6. HCCE in Coordinate-Based Neural Representations for Compression

COOL-CHIC (Ladune et al., 2022) uses coordinate-based neural representations and hierarchical latent spaces for image compression. Here, images are mapped as

$x(i, j) = f_\theta(i, j)$

using a compact MLP. Hierarchical latent variables at multiple resolutions are upsampled and concatenated, providing $z = \text{upsample}(\{y_k\})$ as input to the decoder. This structure allows the codec to balance global and local detail adaptively, achieving competitive rate-distortion tradeoffs with only $\sim$629 parameters and 680 multiplications per decoded pixel. The HCCE context supports real-time decoded applications and flexible bitrate adaptation without architectural changes.

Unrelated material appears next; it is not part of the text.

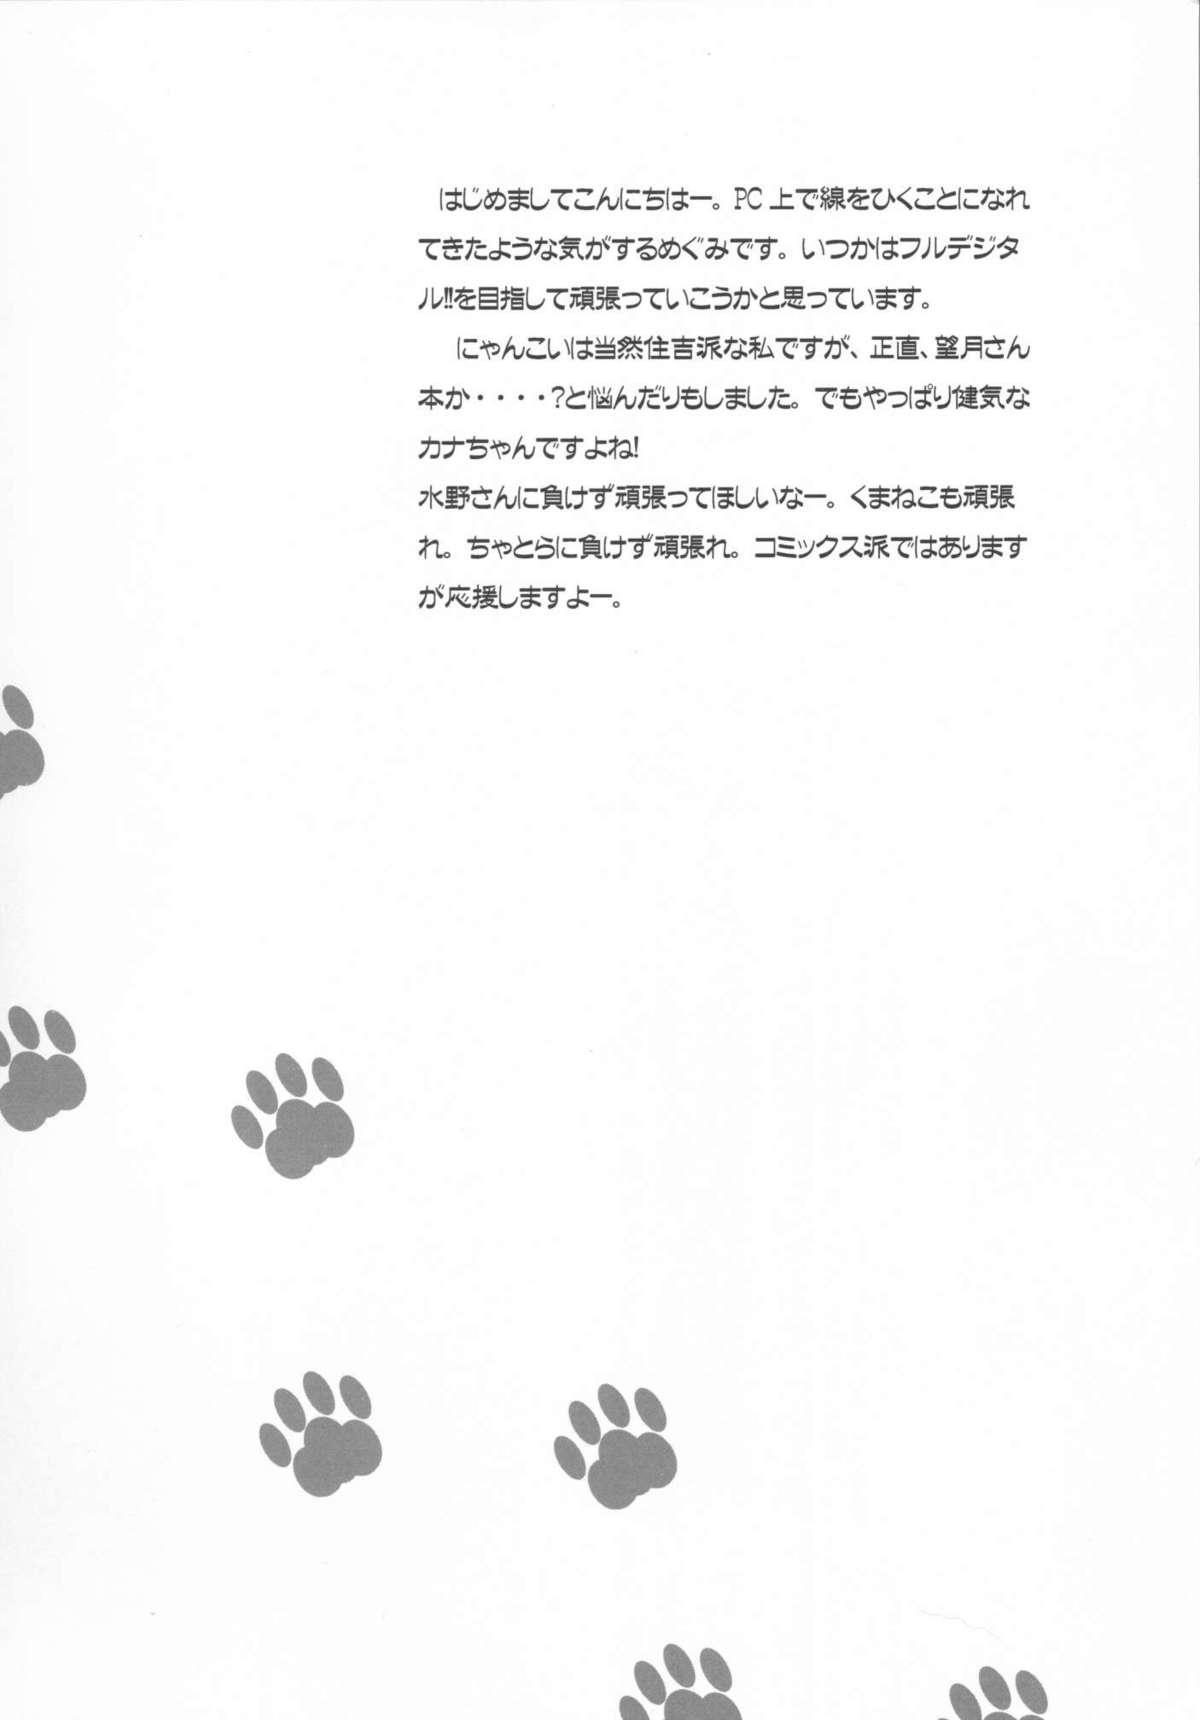 Strapon Nakaochi Karubi ni Kaburitsuki - Nyan koi Putinha - Page 3
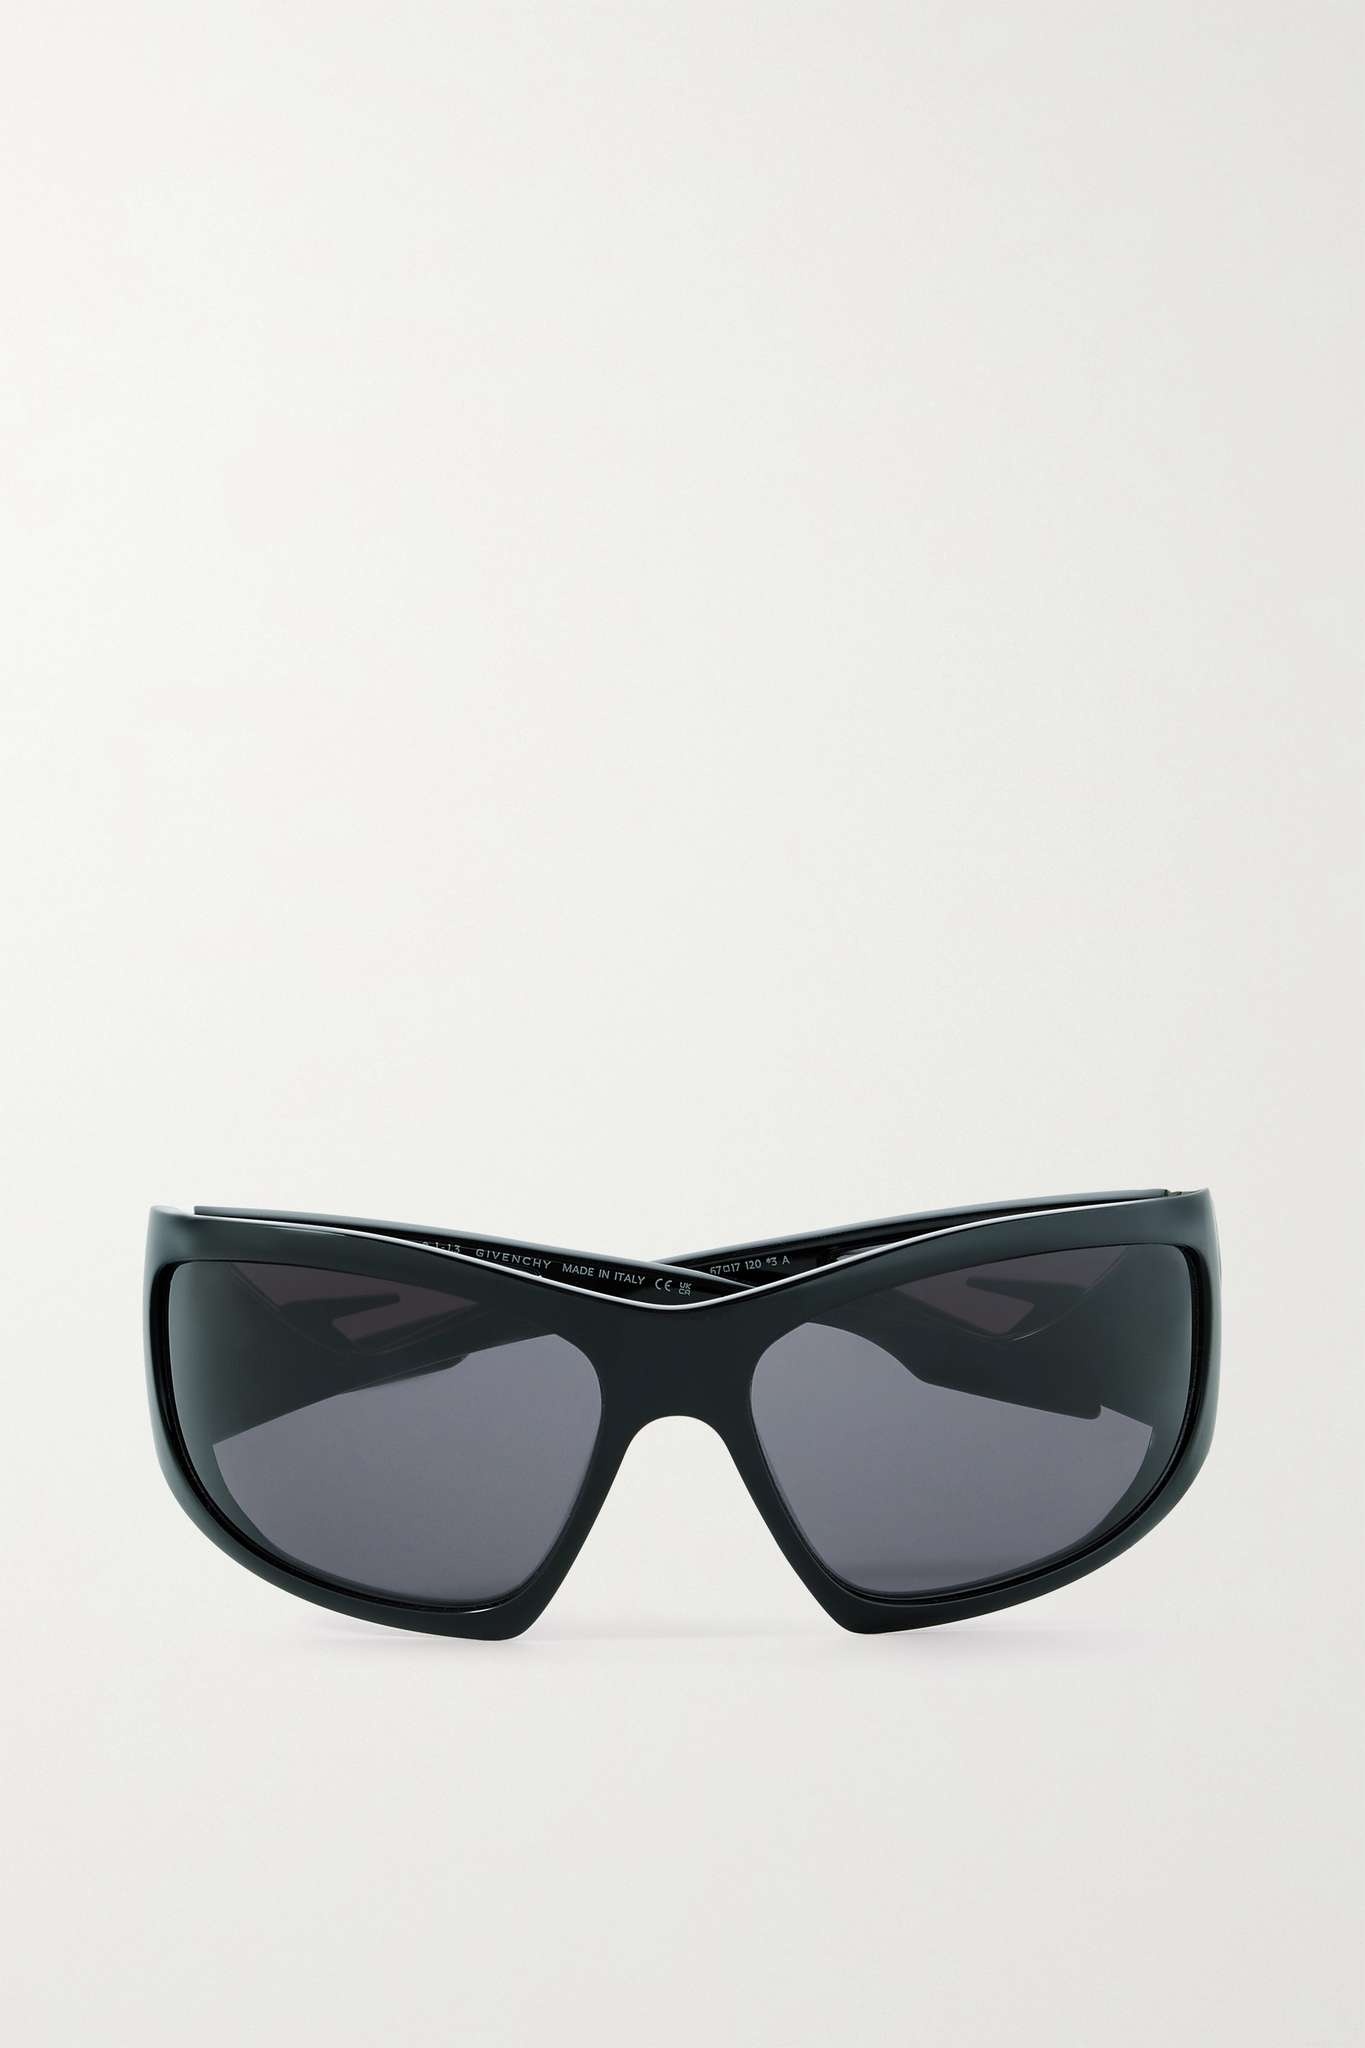 Giv Cut oversized D-frame nylon sunglasses - 1

7. Theoretical Context and Relation to Hierarchical Multi-Scale Learning

The notion of continuous, hierarchical encoding for coordinates is comparable to the multi-scale memory structures in hierarchical multiscale neural networks (Wolf et al., 2018). In those models, representations are allocated at different time scales (short/medium/long-term), facilitated by online meta-learners and anchored by elastic weights consolidation. Both frameworks, HCCE and hierarchical multiscale neuro-symbolic models, formalize hierarchical dynamic representations and recurrent anchoring to stable reference points as fundamental to robust continuous learning, context adaptation, and catastrophic forgetting mitigation.

8. Practical Implications and Future Directions

HCCE is broadly applicable in any domain requiring high-precision spatial encoding, scalable learning, and smooth transition between representations. By employing continuous codes in hierarchical architectures, neural networks better exploit spatial locality, avoid discretization artifacts, and integrate global context. Methods such as distribution-aware coordinate decoding (e.g., Taylor expansion, as per DARK (Chatzitofis et al., 2021)) and non-quantized ground-truth heatmaps align well with the HCCE principle of unbiased supervision. A plausible implication is that further extensions in continuous, hierarchical coordinate representation could benefit 3D scene understanding, generative modeling, and systems that necessitate arbitrary scaling or precise localization under resource constraints.